▶ _PROVIDED DATA_
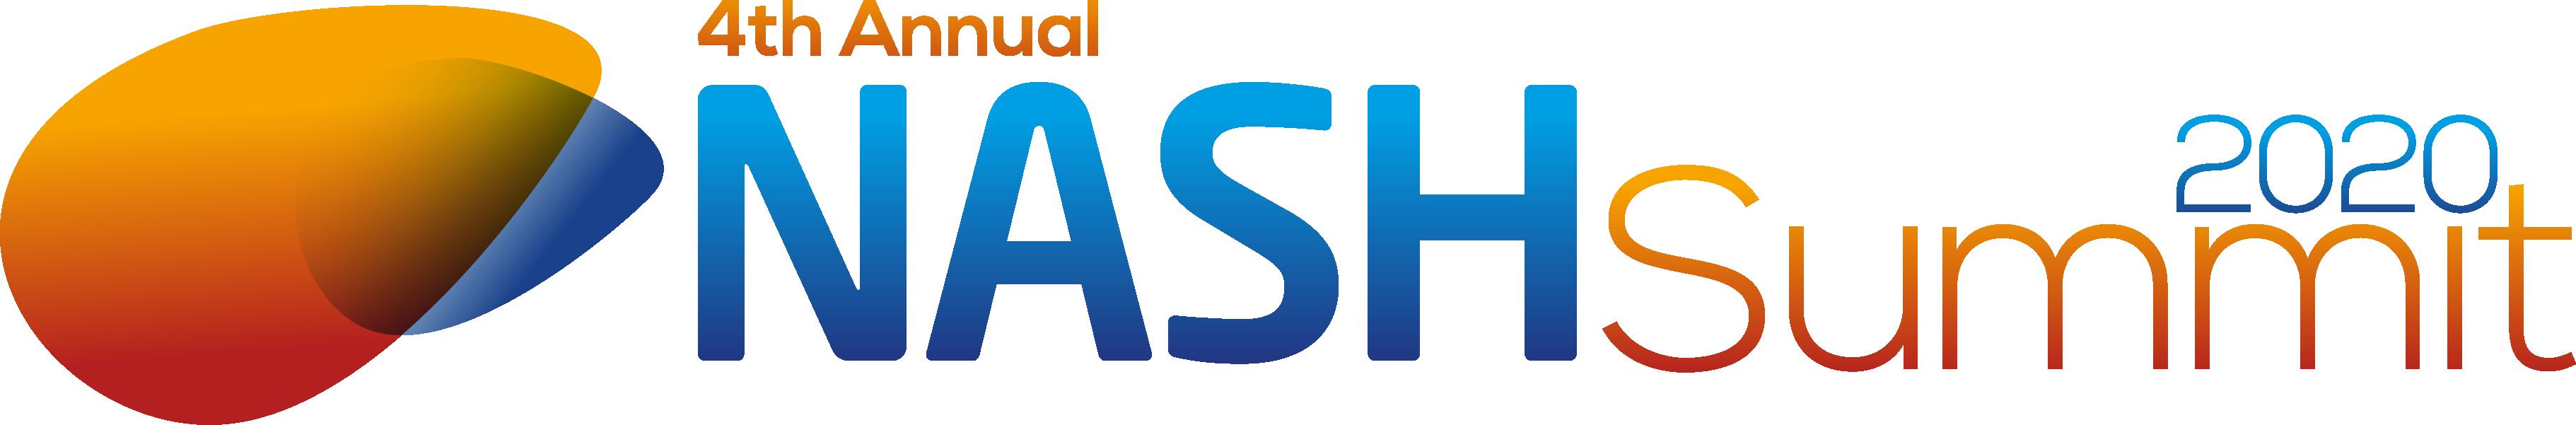 HW190807 NASH Boston 2020 logo
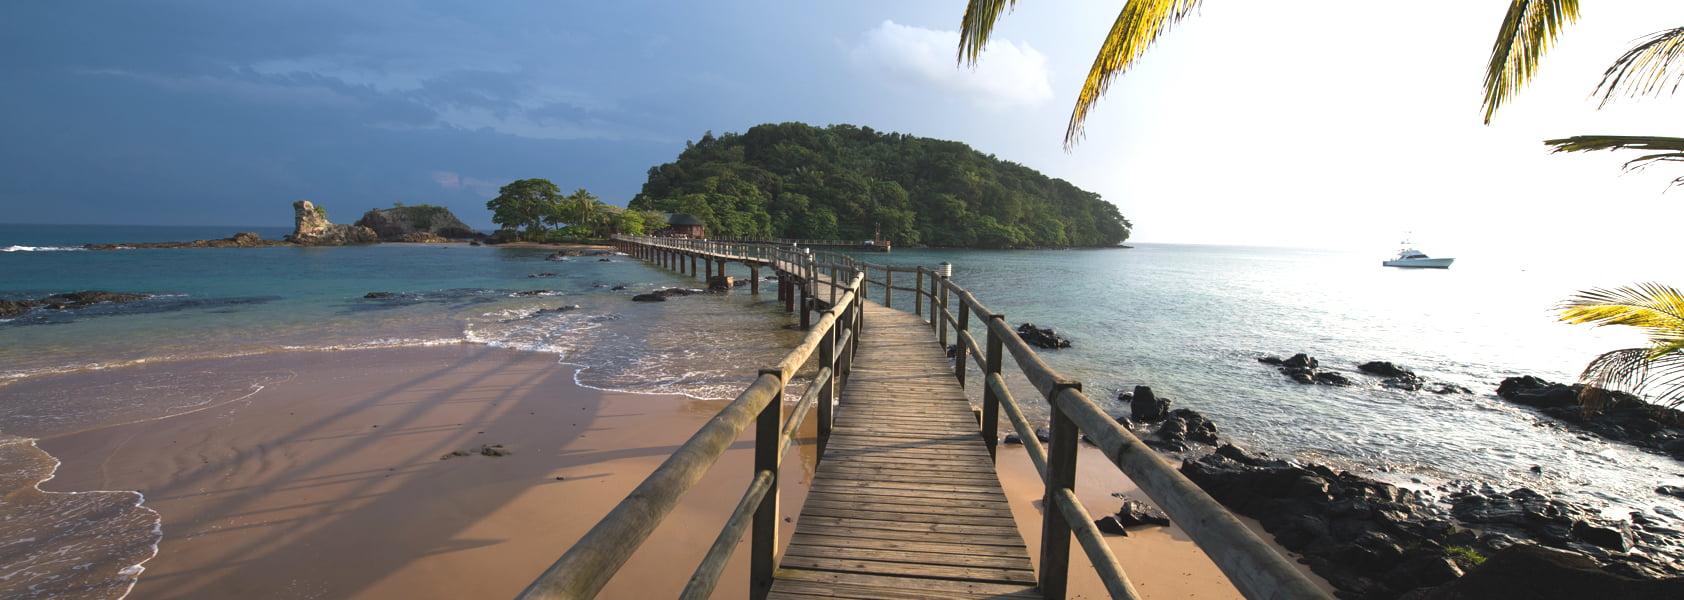 Sao Tomé & Principe | Vakantie op de vergeten Eilanden
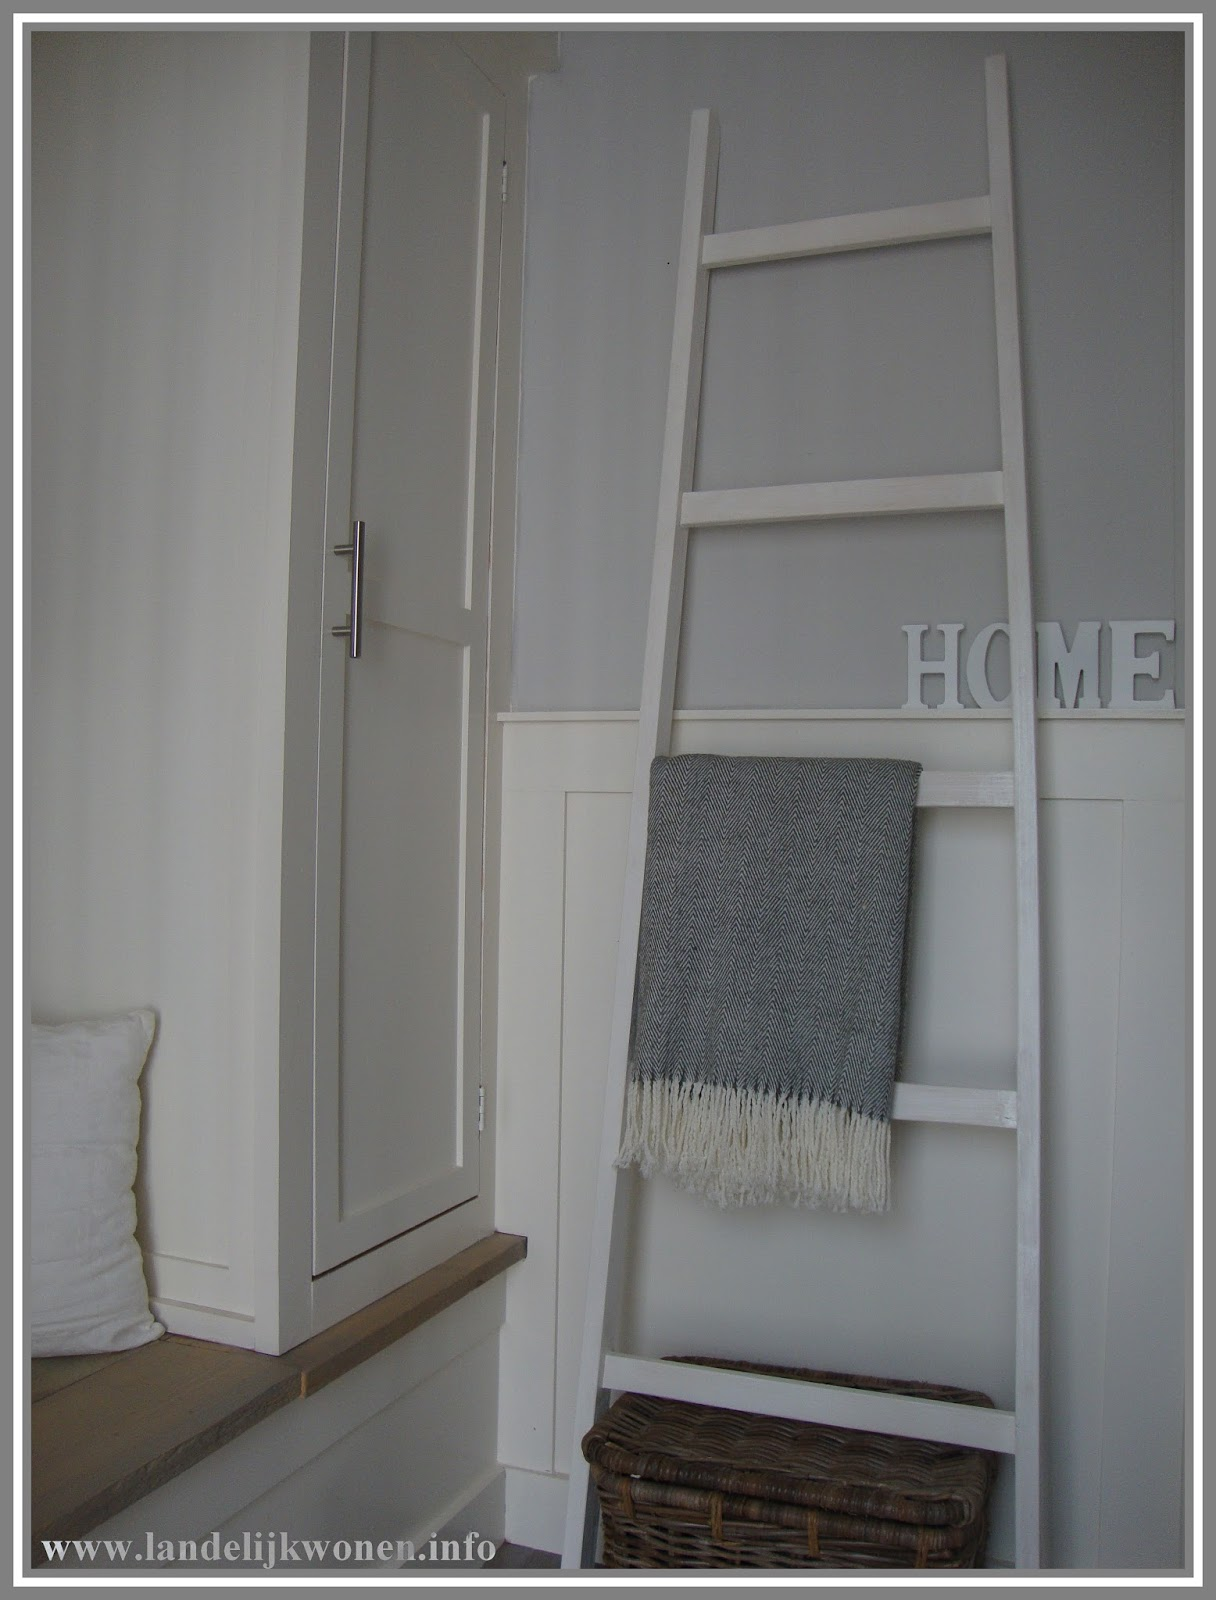 Zeer Landelijk Wonen: Interieur idee: Decoratieve Ladder zelf maken #HJ89

▶ _YOUR ASSIGNMENT_
Keep the pictures out and transcribe the listing exactly.

▶ _SOLUTION FOR THIS TASK_
 HW190807 NASH Boston 2020 logo
 Sao Tomé & Principe | Vakantie op de vergeten Eilanden
 Zeer Landelijk Wonen: Interieur idee: Decoratieve Ladder zelf maken #HJ89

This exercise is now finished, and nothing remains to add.